After months of strictly limited visitation policies, Minnesota's long-term care facilities will soon be allowed to cautiously open their doors a little wider — but only if they meet strict criteria laid out by the state.
The Minnesota Department of Health rolled out new guidance Monday that gives long-term care residences — which include assisted living facilities, nursing homes and memory care units — a framework for setting up policies to allow visitors more broadly than at any other time during the coronavirus pandemic.
The guidance, which goes into effect Aug. 29, gives facilities a road map for opening based on a matrix of several factors: The latest COVID-19 case numbers in the surrounding community; the number of active, confirmed cases among the facility’s residents, staff and visiting service providers; and whether staff are working at other long-term care homes.

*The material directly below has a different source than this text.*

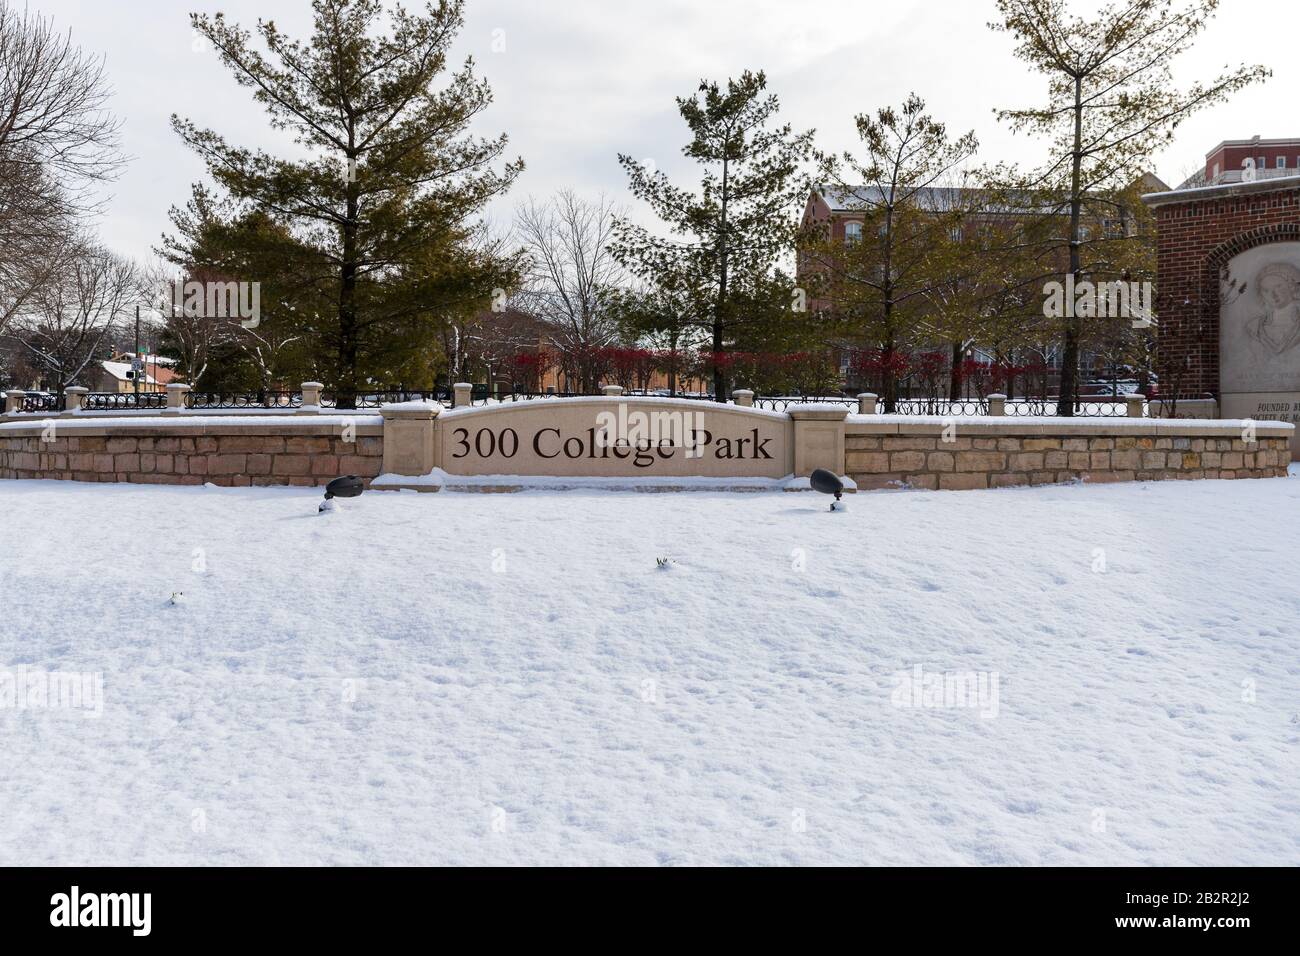 Dayton, OH, USA / 28. Februar 2020: 300 College Park, University of Dayton, mit frischem Winterschnee auf dem Boden. Stockfoto

In March, as outbreaks began spreading through Minnesota’s long-term care facilities, visitors were banned from residences in all but the most dire circumstances. As of Monday, 1,250 people who lived in long-term care or assisted living facilities have died from COVID-19.
After access to testing became more widespread, safety protocols improved and the state implemented a system for backing up facilities that were experiencing staffing shortages, the crush of COVID-19 cases — and deaths — among long-term care residents began to ease.
Since then, the state has begun allowing outdoor, socially distanced visits among residents and their family and friends. More recently, the state has implemented rules allowing residents to identify one essential caregiver — a designated family member, friend or other caregiver — who is allowed to visit them inside their long-term care facility.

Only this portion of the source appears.